- **Given information**
□ □ □
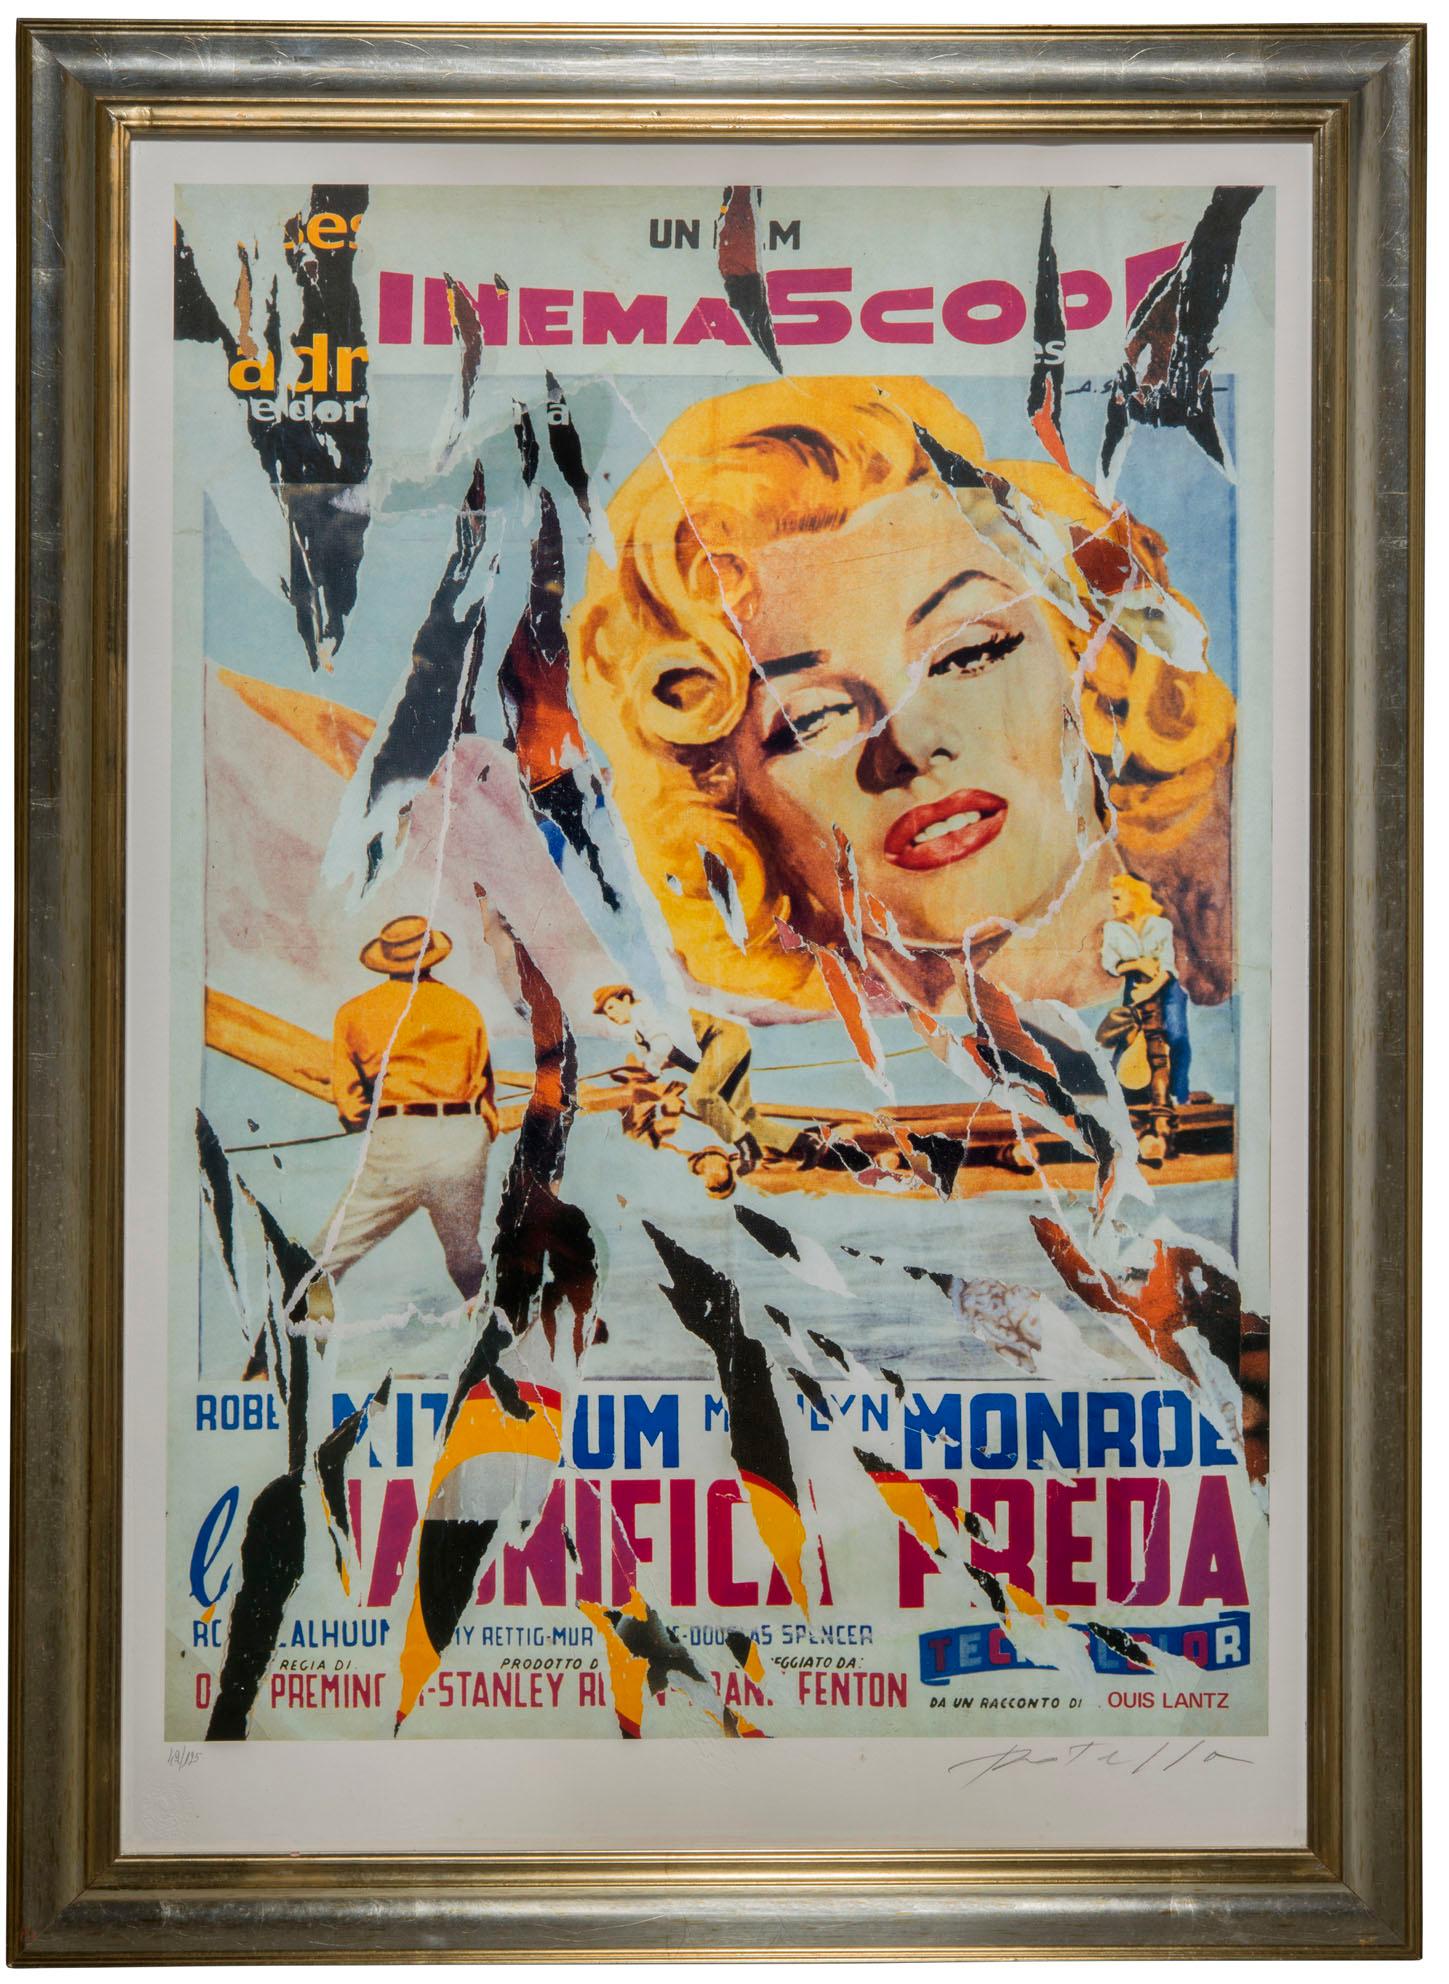 Mimmo Rotella silkscreen printing
Title “Marilyn The magnificent prey”
Mimmo Rotella silkscreen print taken from the poster of the film 
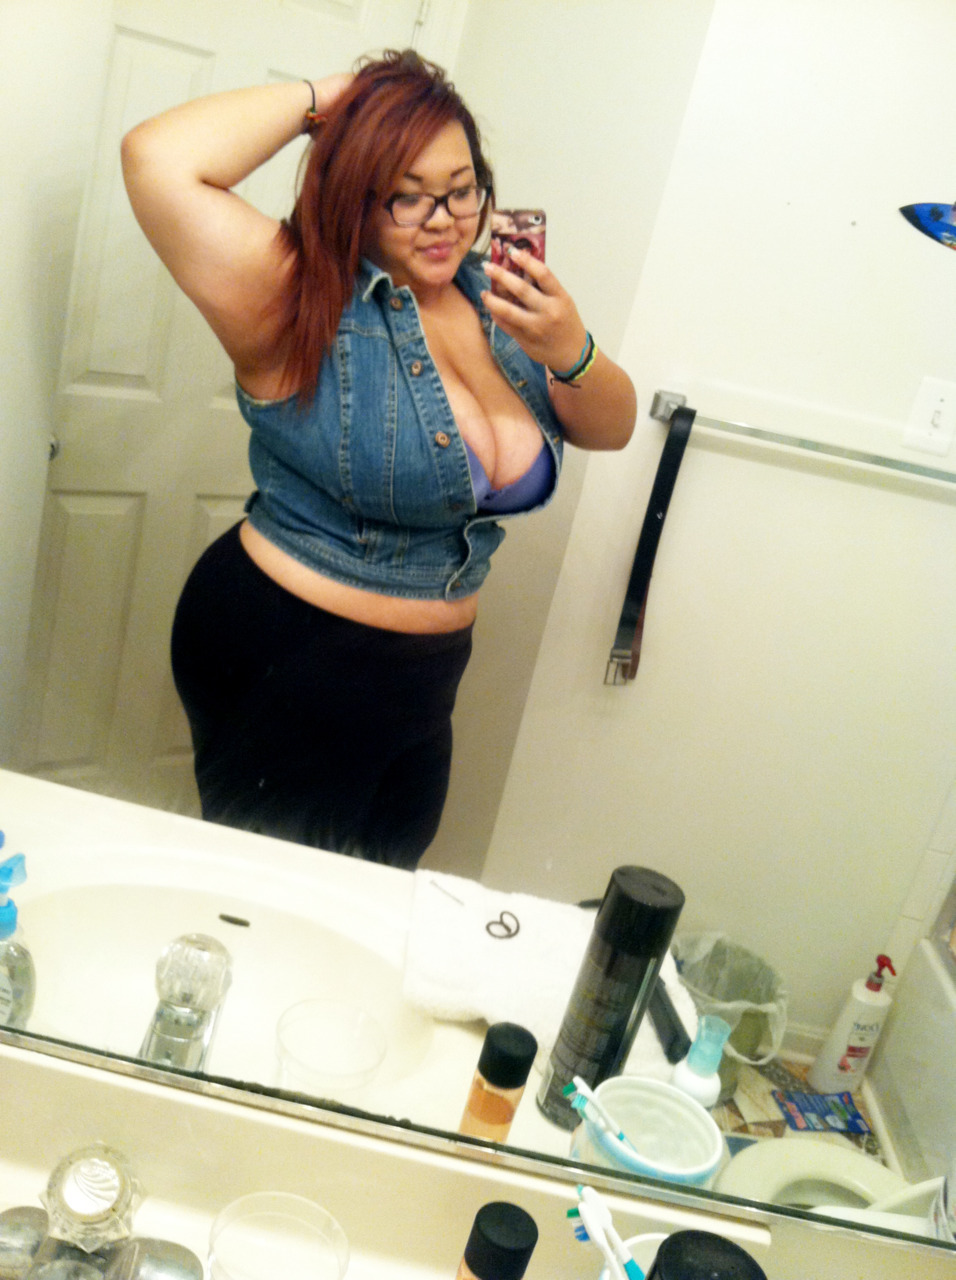 Thisisroy – Ohreinababyy – What A Ginger – Damn Gingers Wit Their Cute Asian Faces Impeccable Curves Mesmerizing Eyes An…6
□ □ □
- **Task to carry out**
The lines running from the one with "Mimmo Rotella silkscreen print taken" to the close of the material above are to be retyped exactly; no picture is to be included.

- **Exercise answer**
Mimmo Rotella silkscreen print taken from the poster of the film 
 Thisisroy – Ohreinababyy – What A Ginger – Damn Gingers Wit Their Cute Asian Faces Impeccable Curves Mesmerizing Eyes An…6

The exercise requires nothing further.